朱元璋看的远比朱棣透彻,他清楚的知道他们来这里,只不过是在 “玩” 一场逐鹿天下、爭做乱世英雄的游戏,而並非是在开创什么煌煌大明。
    只不过啊,这场游戏的过程,有点“残酷”罢了。
    而身为建文皇帝朱允炆的朱棣,却有些“入戏太深”,陷入大明皇帝的角色中去了。
    朱元璋静静立在原地,目光望向殿外苍茫天穹。他始终想不明白,天幕为何要將他们一眾尽数投到这建文年间,来玩这样一场莫名其妙的 “游戏”。
    可既然已然置身其中,那就索性顺其自然,爭一爭这乱世真正的英雄!也好让老四亲眼瞧瞧,薑还是老的辣,掌舵之人,终究还是老的更强!
    十月二十七,徐辉祖只带了几位贴身护卫,踏入北平城,径直前往燕王府登门拜访。
    府內侍卫见是当朝国公徐辉祖前来拜访,不敢有丝毫怠慢,当即通传引路,不多时,他便被引至正殿之中。
    殿內朱元璋版的朱棣端坐主位,眉眼冷冽,道衍老和尚立於一侧,双手合十闭目养神,仿若置身事外;朱高炽、朱高煦兄弟分列两旁,一个神色凝重,一个满脸不耐,显然都已经猜到徐辉祖来意。
    一番寒暄过后,徐辉祖便径直步入正题,语气恳切至极:“王爷,如今陛下已然认错,削藩之事也將作罢,咱们不如就此顺阶而下,息兵罢战吧?”
    朱元璋轻嘆一声:“允恭,你怎会看不明白?这分明是温水煮青蛙之计!咱若是就此放下兵戈,日后他有的是法子置咱们於死地!”
    “可是王爷......” 徐辉祖语声沉重,“先帝当年驱除韃虏、定鼎天下,方才为百姓换来这洪武盛世。
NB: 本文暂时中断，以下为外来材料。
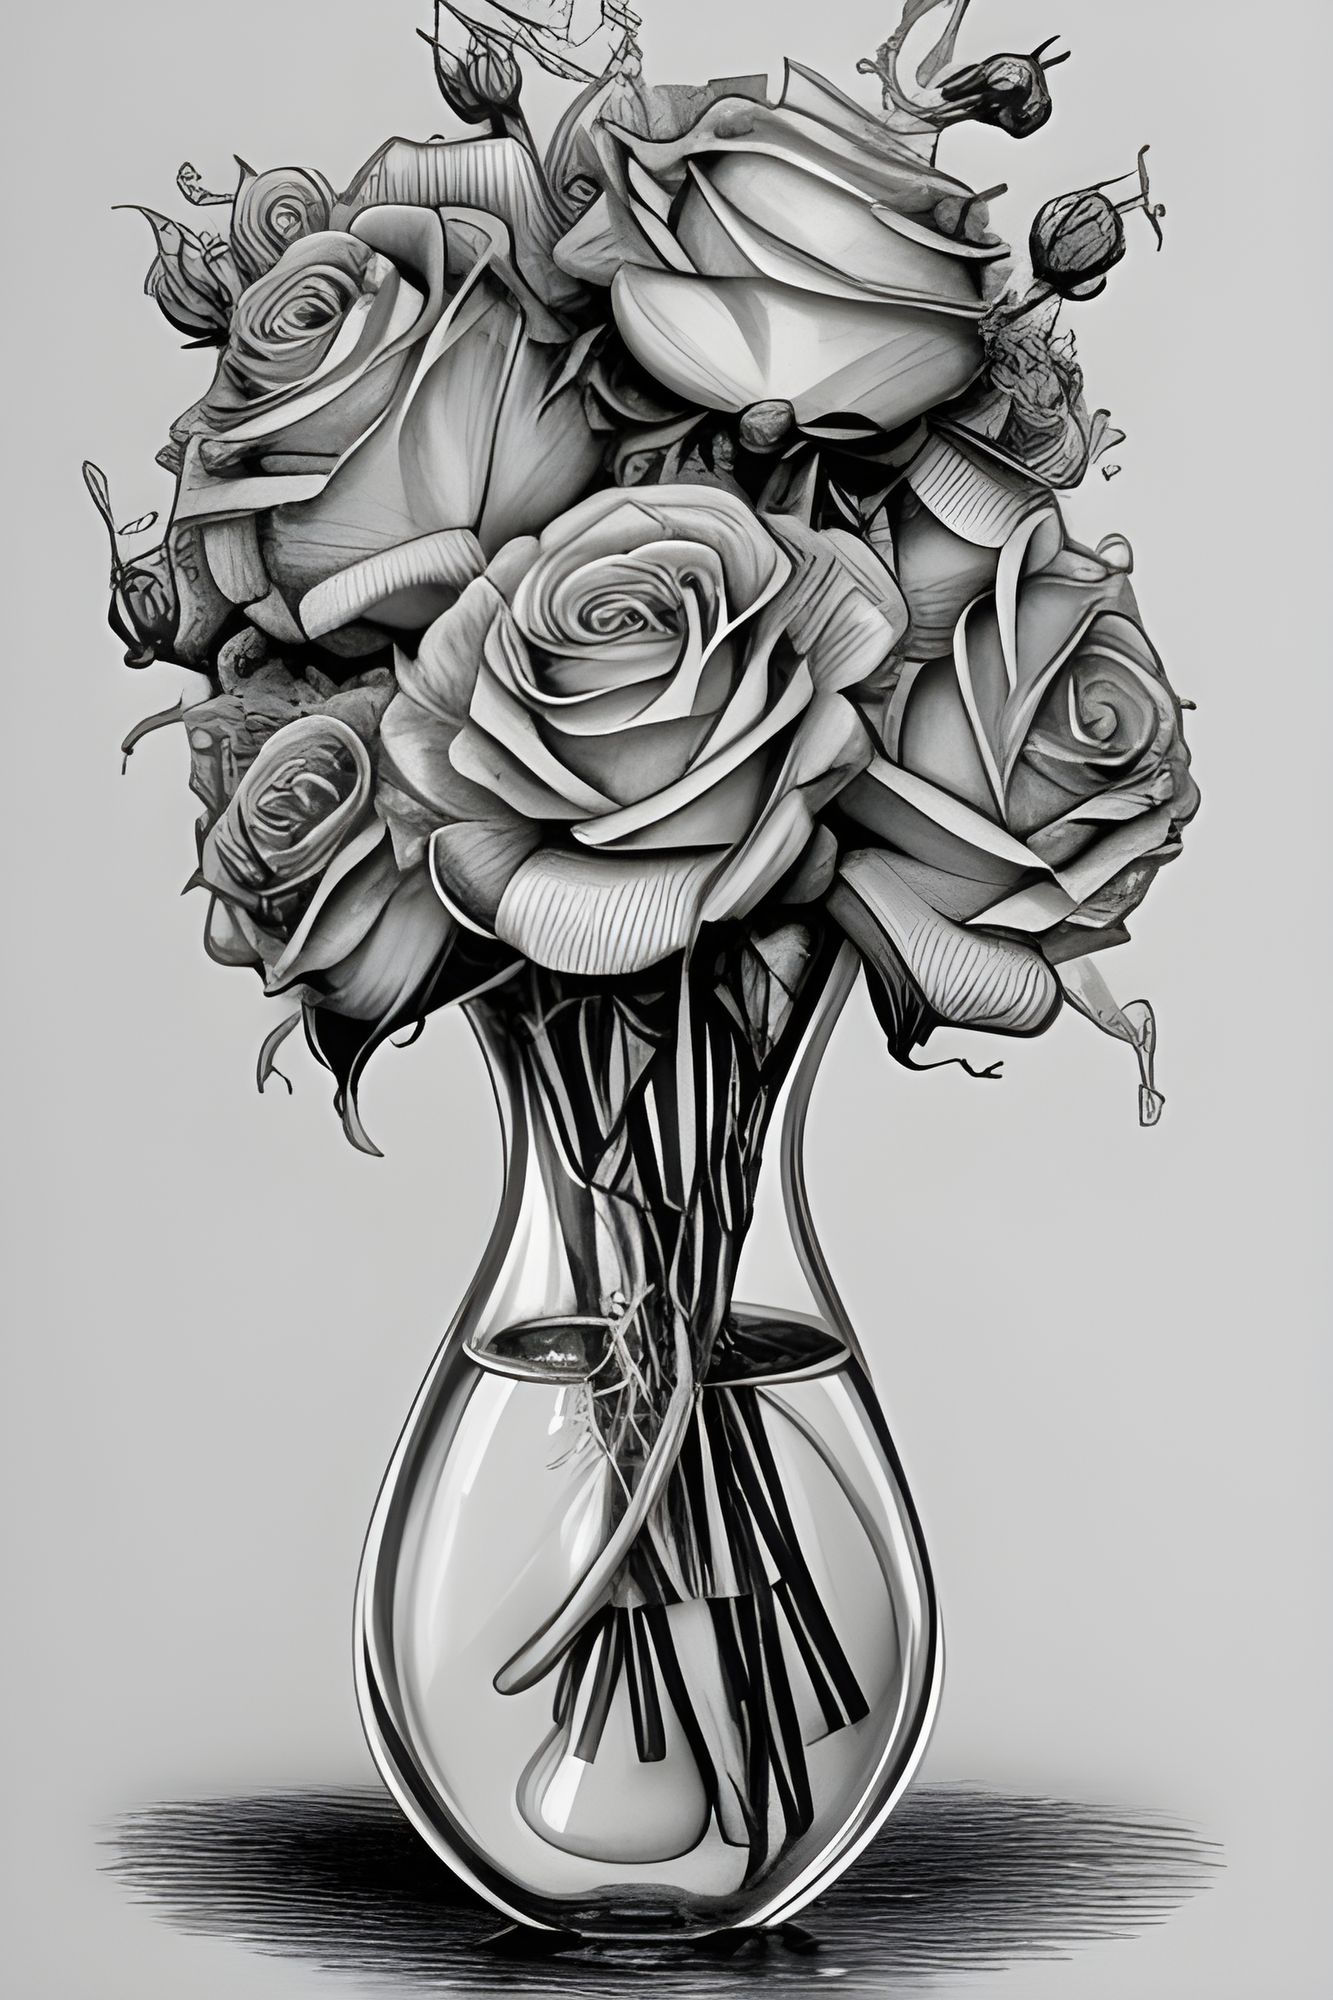 Rose Sketch Stock Photos and Images - 123RF

您若执意起兵,只会让好不容易安定的天下重燃战火,百姓流离失所,您又怎能忍心?况且陛下已在朝堂公然认错,想来也是真心顾念宗室亲情的啊!”
    朱元璋仍是摇头:“允恭,这场兵祸本就是削藩所逼,罪责从不在咱。”
    徐辉祖长长一嘆,满目无奈:“臣心中並非不知…… 可您与陛下同室操戈、骨肉相残,到头来只会毁了先帝创下的基业。即便往后,史书之上,怕也只留下千古骂名啊。”
    被一个晚辈这般劝说,朱元璋心头微起火气,猛地抬眼,语气带著几分凌厉:“本王奉天靖难,正是为了守护先帝基业!至於史书评说,本王上无愧於天,下无愧於心,何惧那些流言蜚语。”
    徐辉祖无奈,再度劝道:“朝廷兵精粮足,占尽天时地利人和。王爷若是一意孤行,以一隅之地抗衡天下,无异於以卵击石,胜算渺茫。您也要为妙云、为高炽他们多思量啊。”
    “呵呵,自古得民心者得天下,兵力强弱从不是定数。古往今来,以弱胜强之事,本就屡见不鲜。”
    “以弱胜强固然不少,可史上从未有过藩王起兵成功的先例。王爷,罢兵议和才是……”
    朱元璋豁然起身,径直打断徐辉祖:“要议和不难,让朱允炆那小子退位让贤便是。”
    话音一转,他顺势拉拢道:“你是魏国公徐达之后,又是妙云的亲弟,良禽择木而棲,良將择主而事。归顺於我,如何?”
    徐辉祖面色骤然一变,周身气度骤然一正,当即躬身拱手,语气斩钉截铁:“王爷,臣徐家世代蒙受国恩,先父魏国公更是承蒙先帝隆宠,从微末之时便追隨先帝打天下,披荆斩棘、平定四方,先帝待先父恩重如山,封爵赐禄、荫蔽子孙,徐家满门皆受皇恩浩荡,臣此生唯有誓死效忠大明,效忠陛下,绝无他念!”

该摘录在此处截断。